#### Work order
Start to finish, print the data below exactly, without the images.

#### Data block
BEGIN

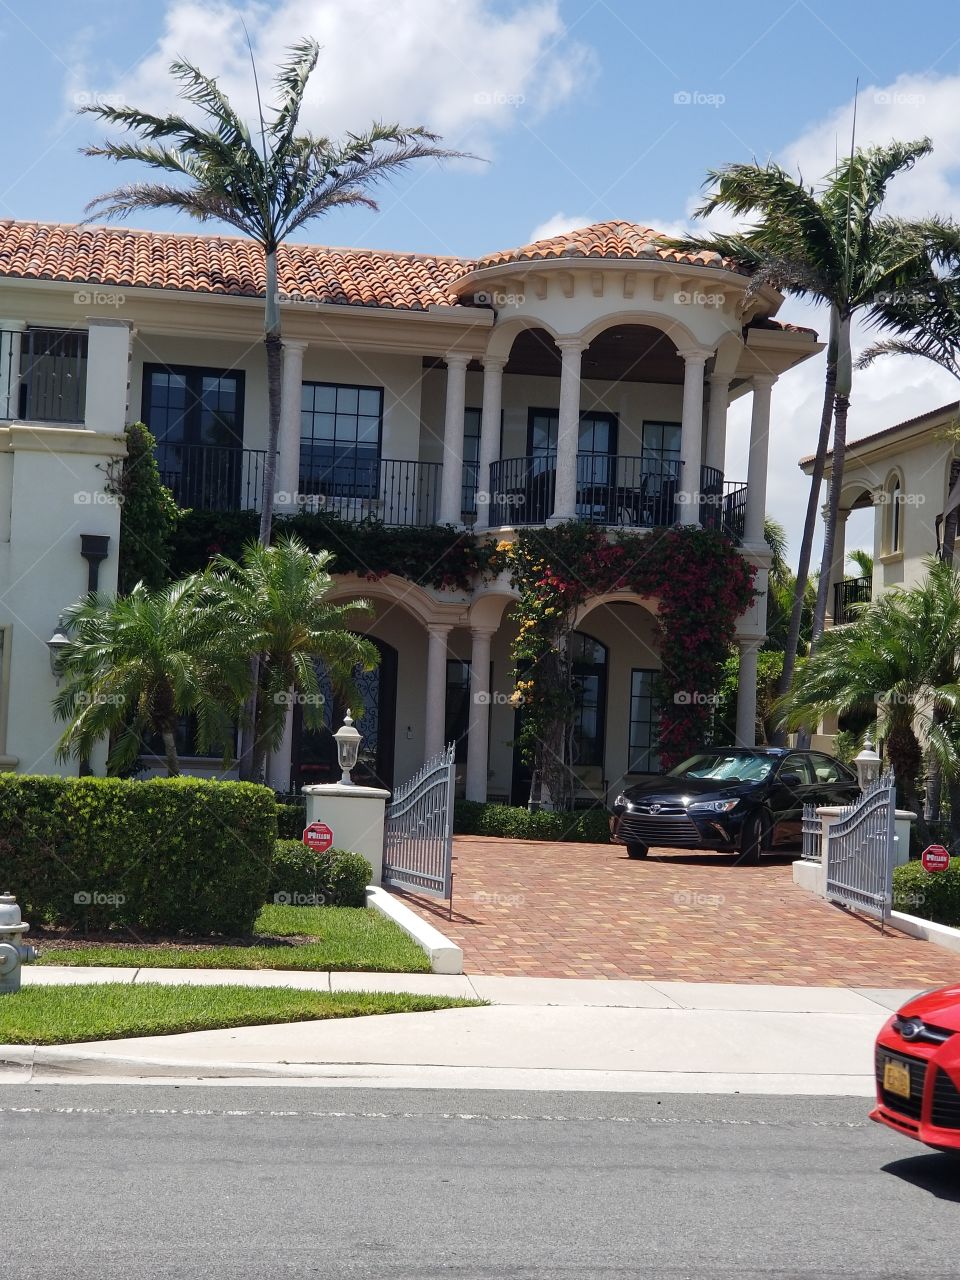 West Palm Beach houses
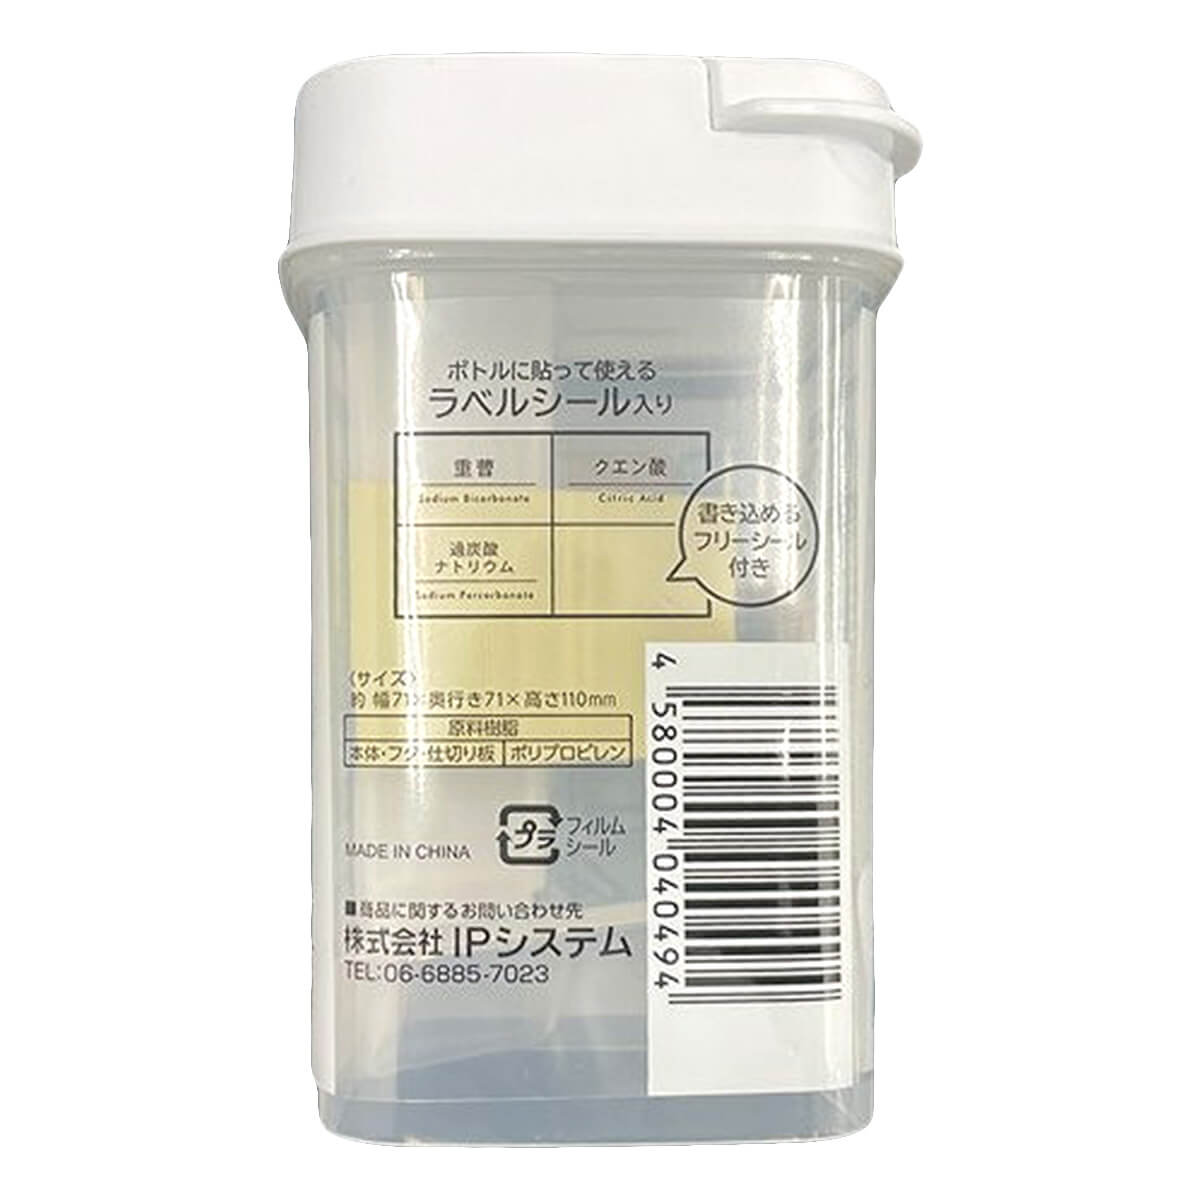 詰め替え容器 ひと振り計量粉末洗剤ボトル 230ml　333996
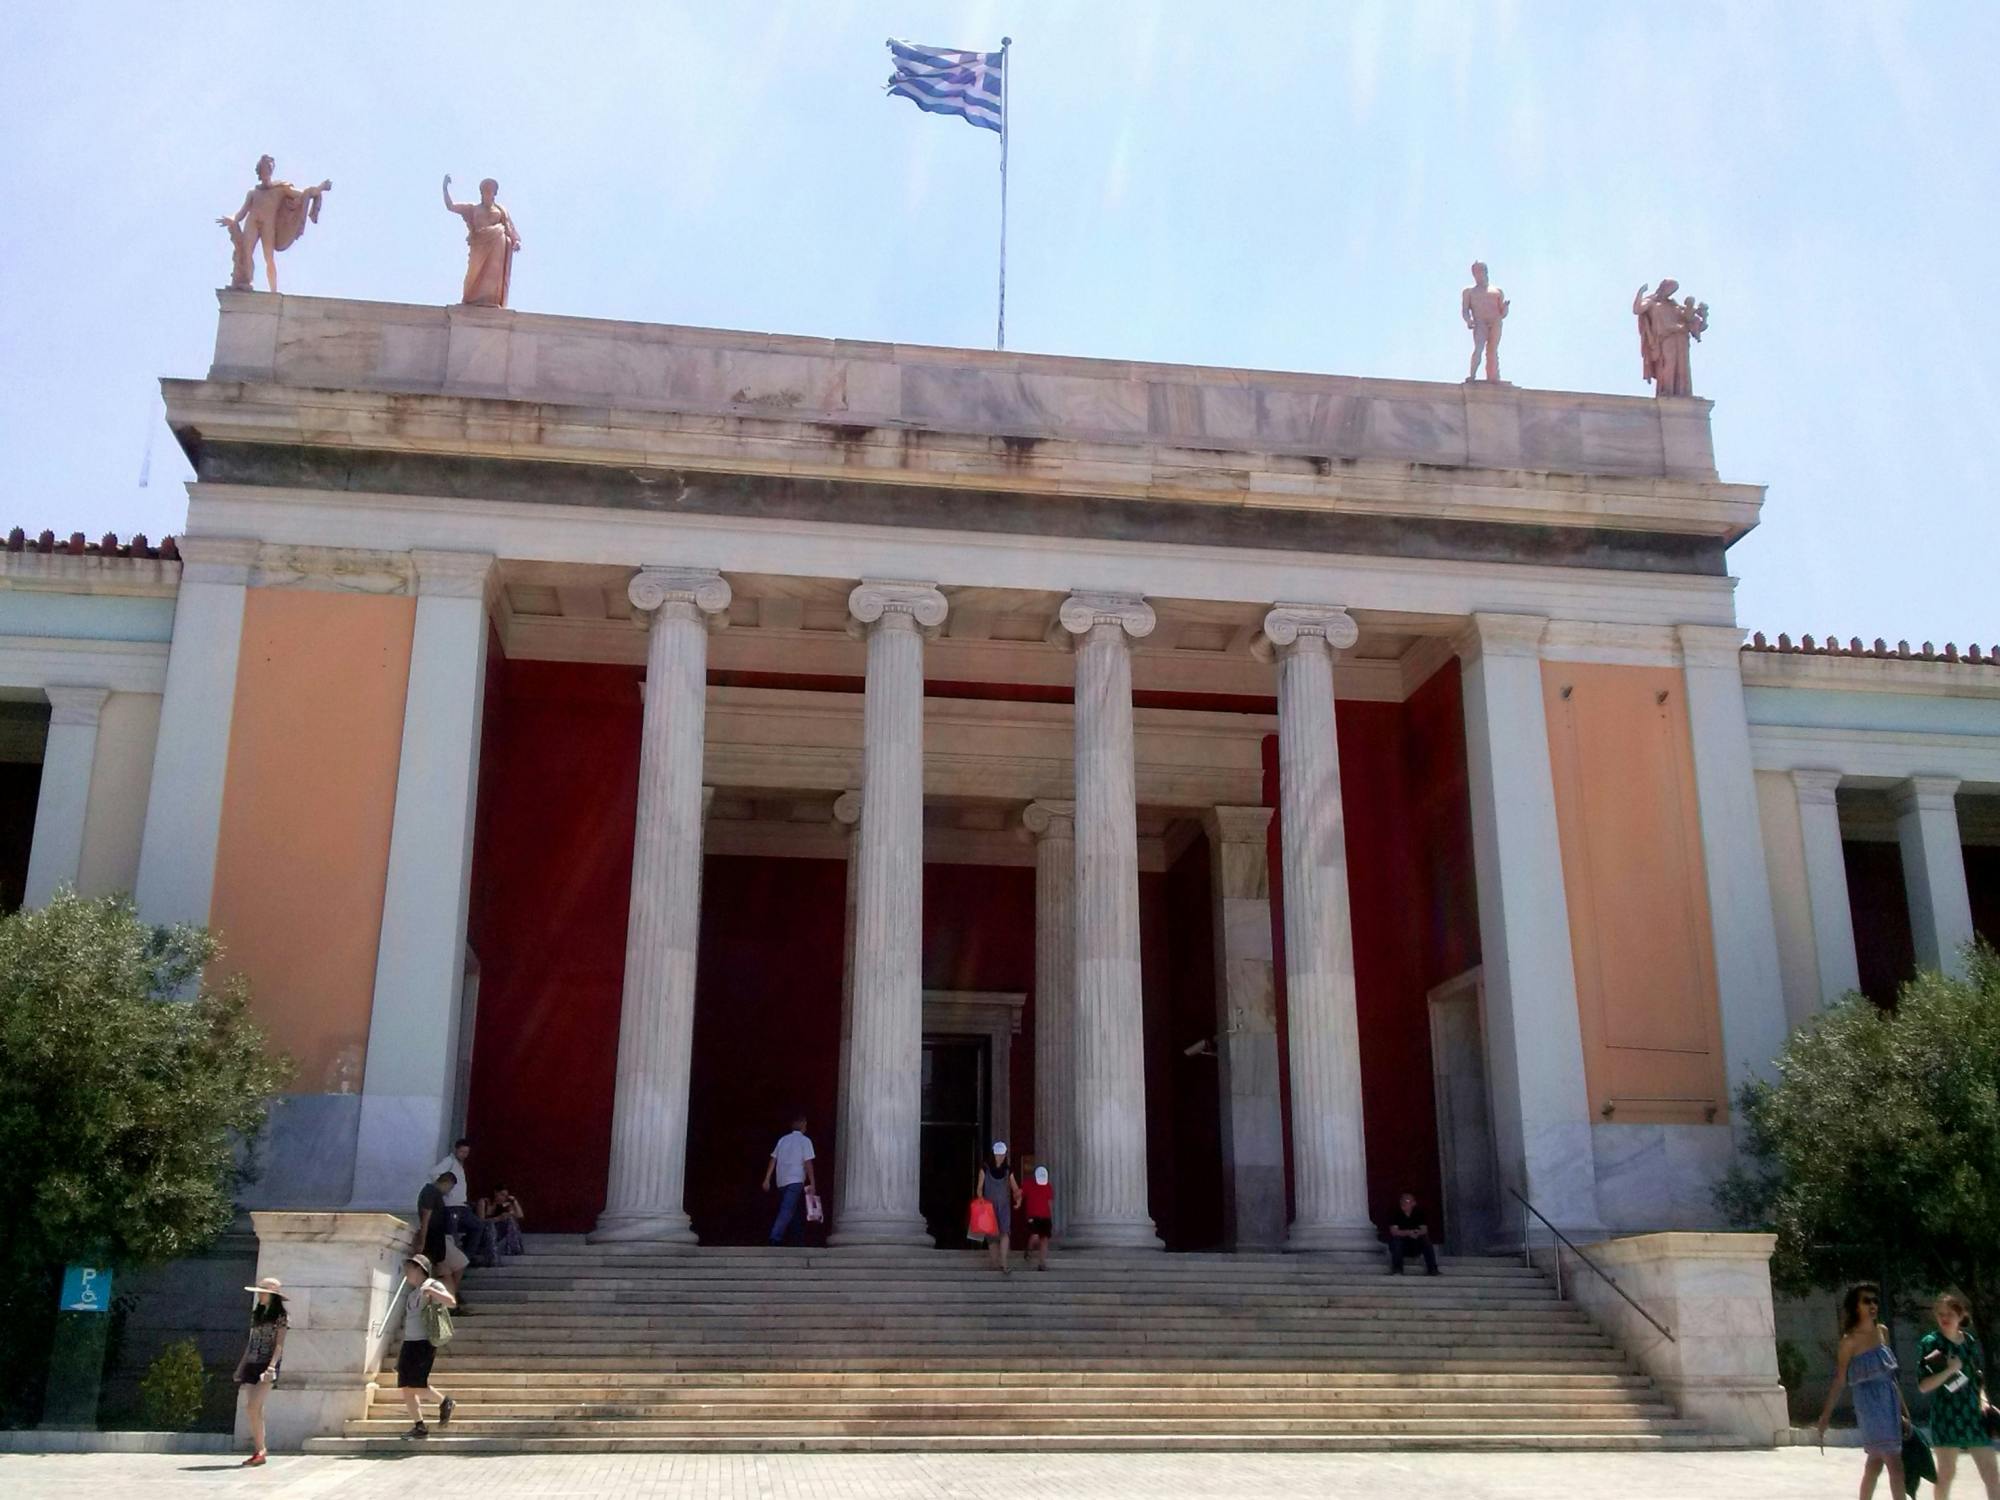 Boleto de entrada al Museo Arqueológico Nacional de Atenas

END

#### Answer for the task
 West Palm Beach houses
 詰め替え容器 ひと振り計量粉末洗剤ボトル 230ml　333996
 Boleto de entrada al Museo Arqueológico Nacional de Atenas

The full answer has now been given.